*** Block opens ***
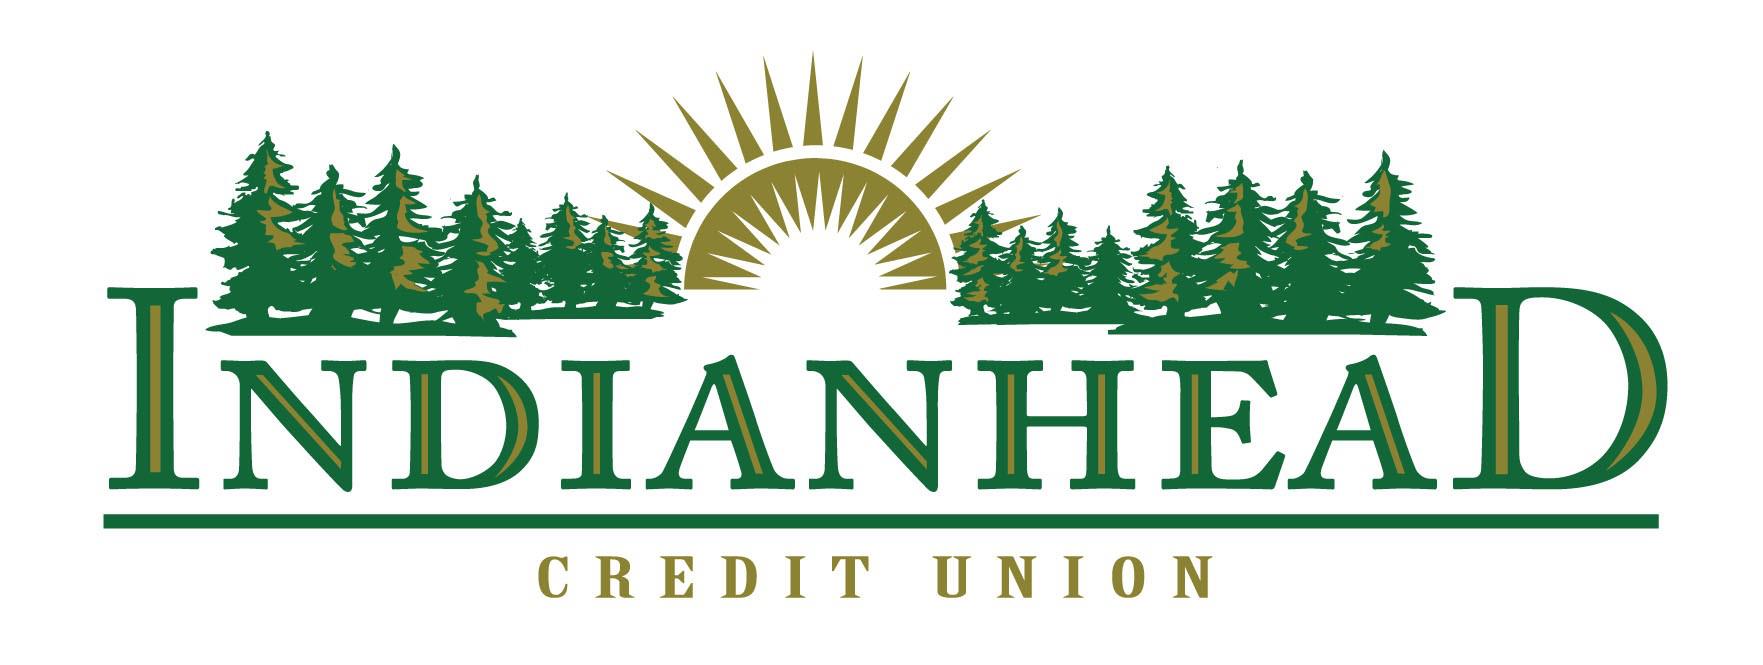 Indianhead Credit Union
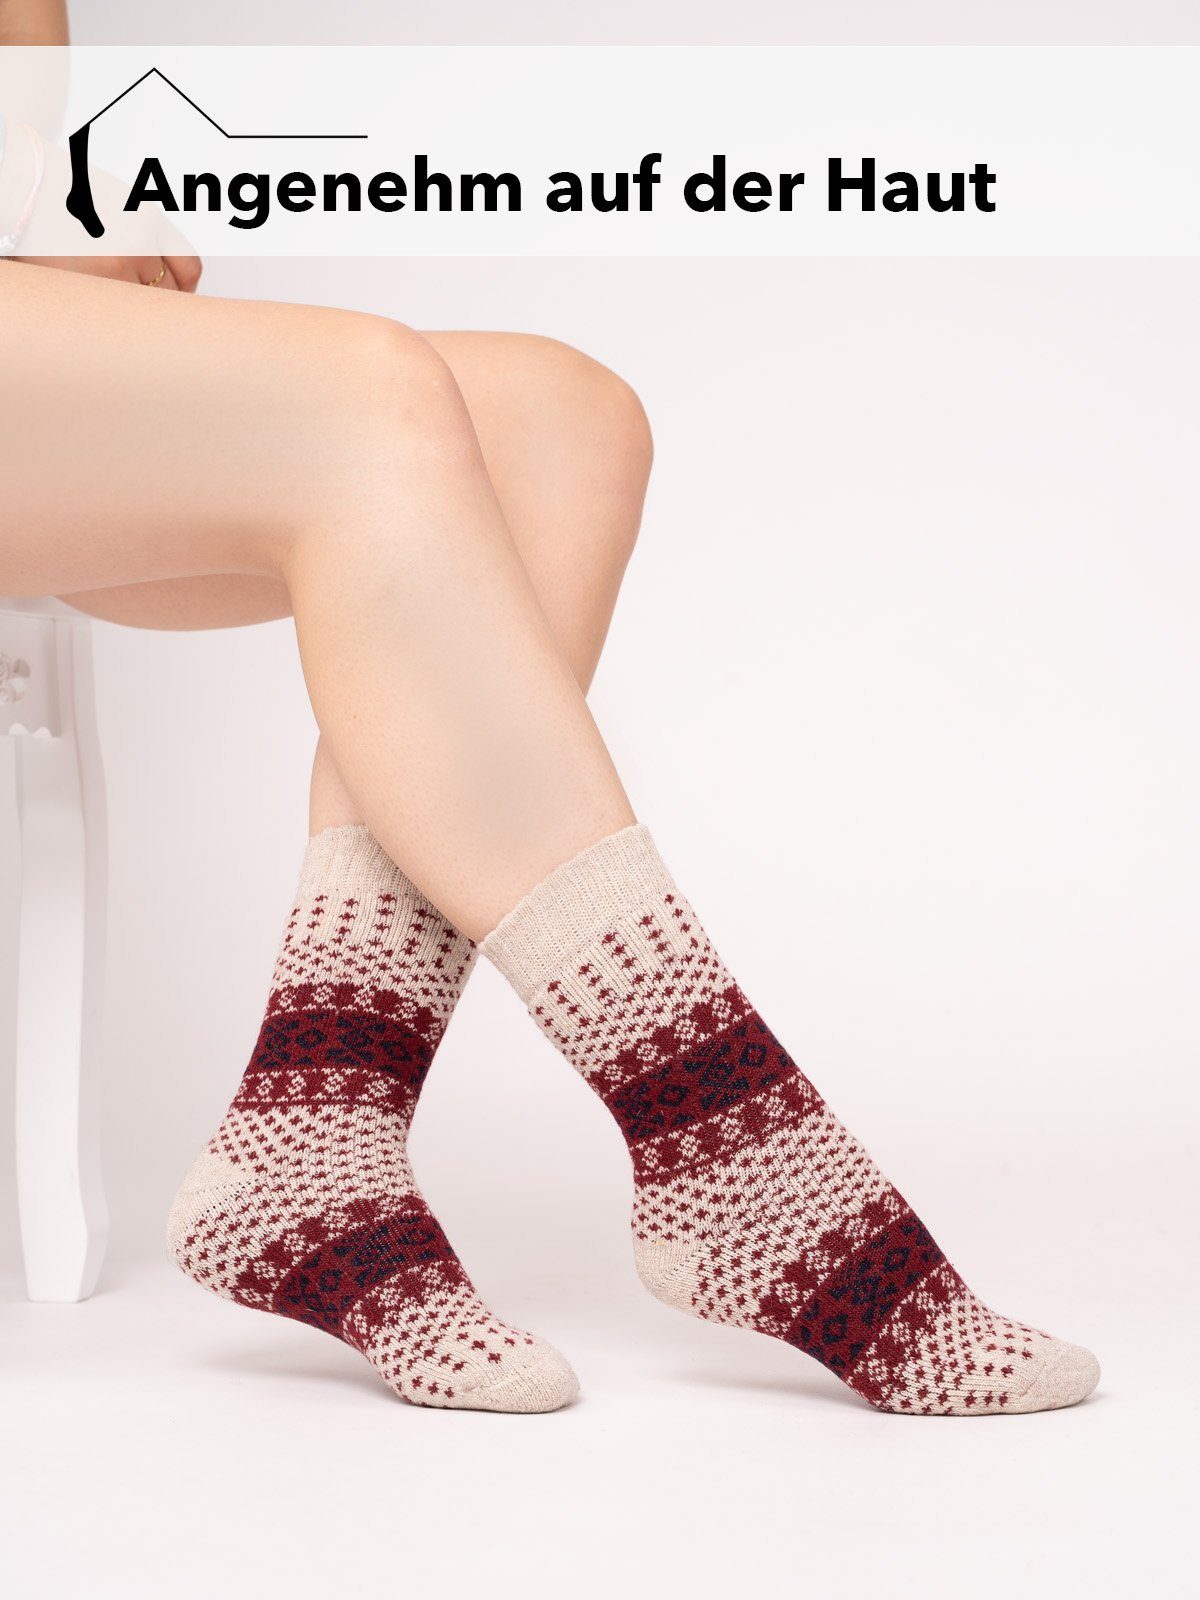 HomeOfSocks Socken Hygge Warm Damen Herren Socken Mit Dick & Dicke Hohem Grau Wollanteil 45% Bunten Hyggelig Für In Socken Wolle mit Design
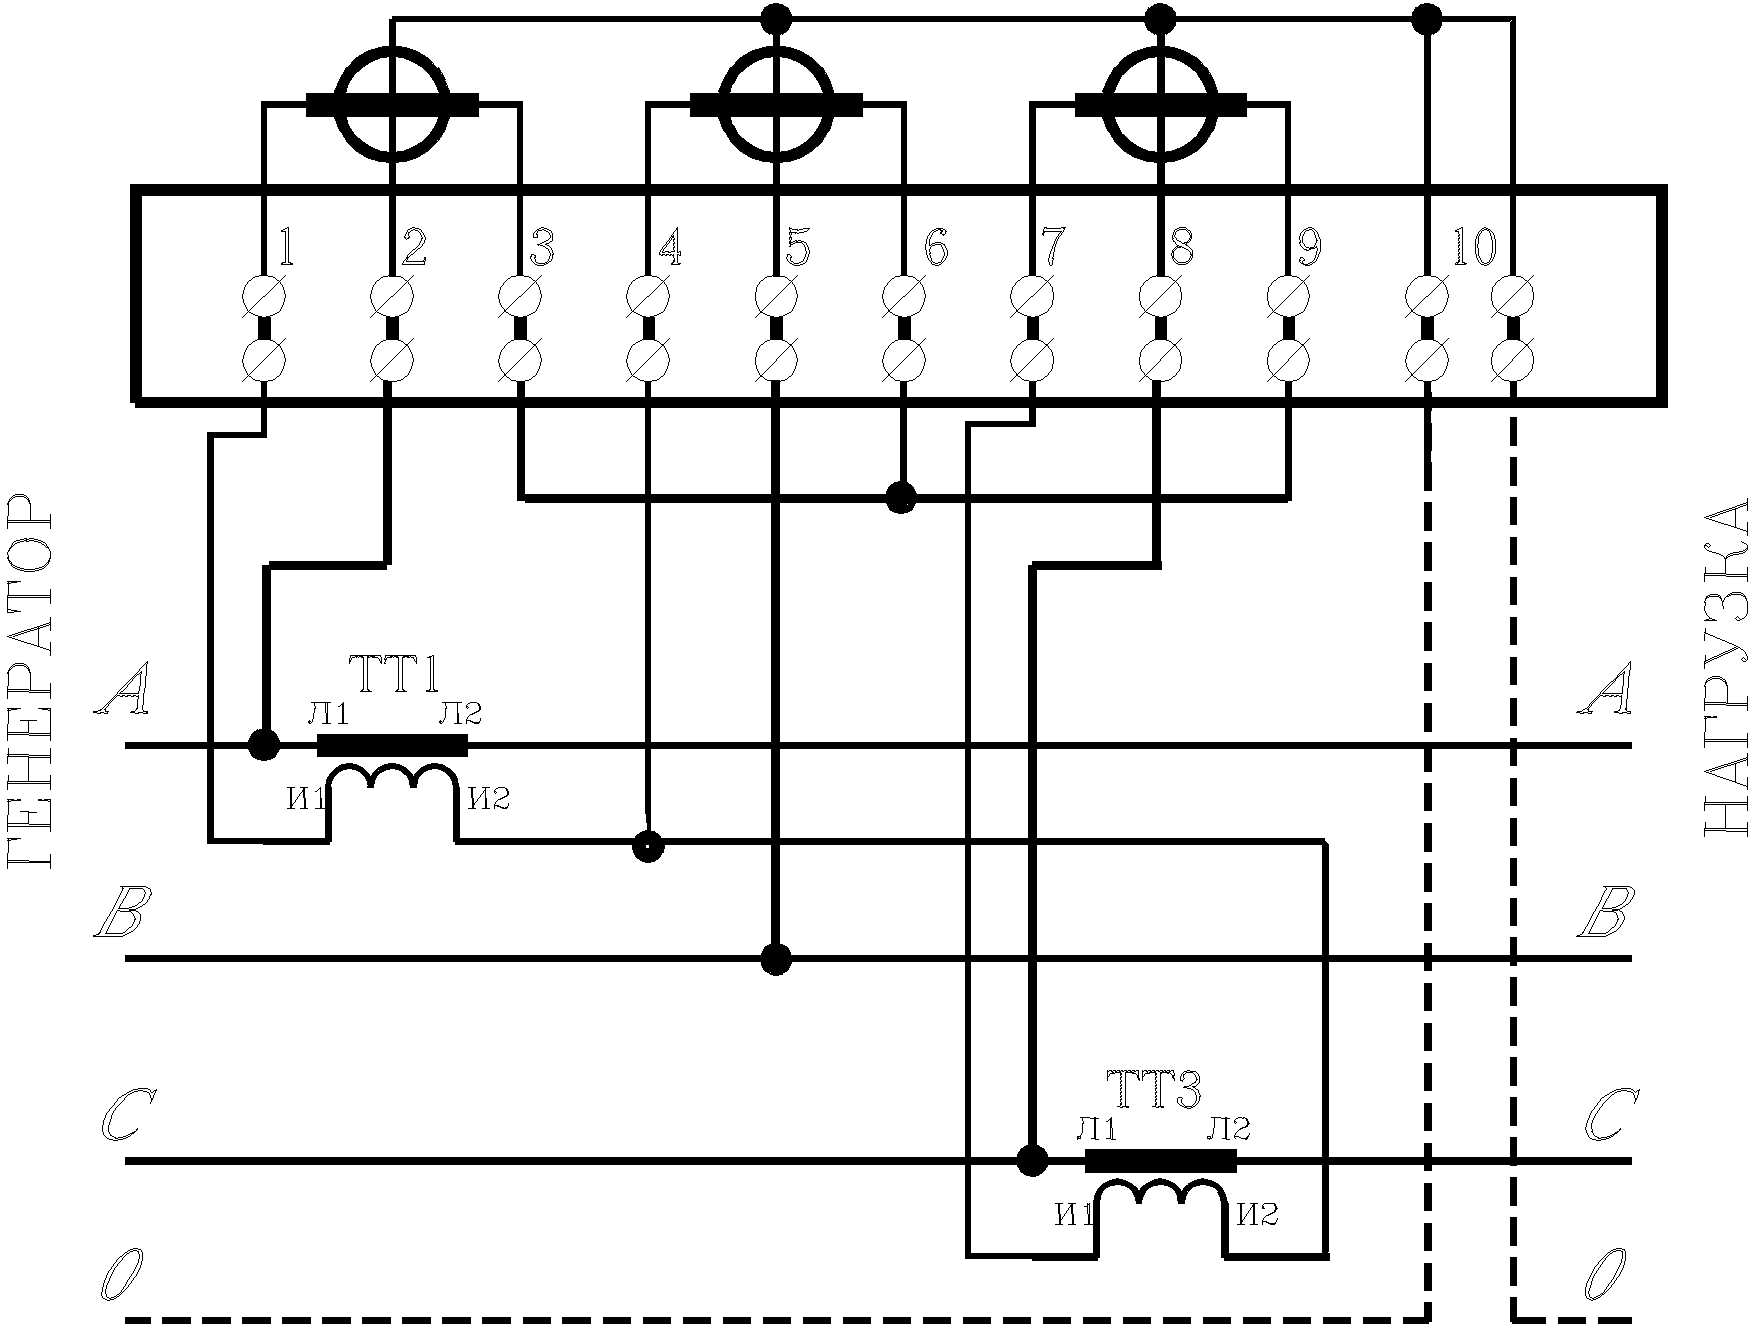 Схема подключения трехфазного счетчика через трансформаторы тока. Схема подключения счетчика через 2 трансформатора тока. Схема подключения счетчика через трансформаторы тока 0.4кв. Схема соединения 3х фазного счетчика с трансформаторами тока.
*** Block closes ***
WHAT THIS TASK INVOLVES: With the pictures removed, return the listing above in its exact original wording.

ANSWER SECTION:
 Indianhead Credit Union
 HomeOfSocks Socken Hygge Warm Damen Herren Socken Mit Dick & Dicke Hohem Grau Wollanteil 45% Bunten Hyggelig Für In Socken Wolle mit Design
 Схема подключения трехфазного счетчика через трансформаторы тока. Схема подключения счетчика через 2 трансформатора тока. Схема подключения счетчика через трансформаторы тока 0.4кв. Схема соединения 3х фазного счетчика с трансформаторами тока.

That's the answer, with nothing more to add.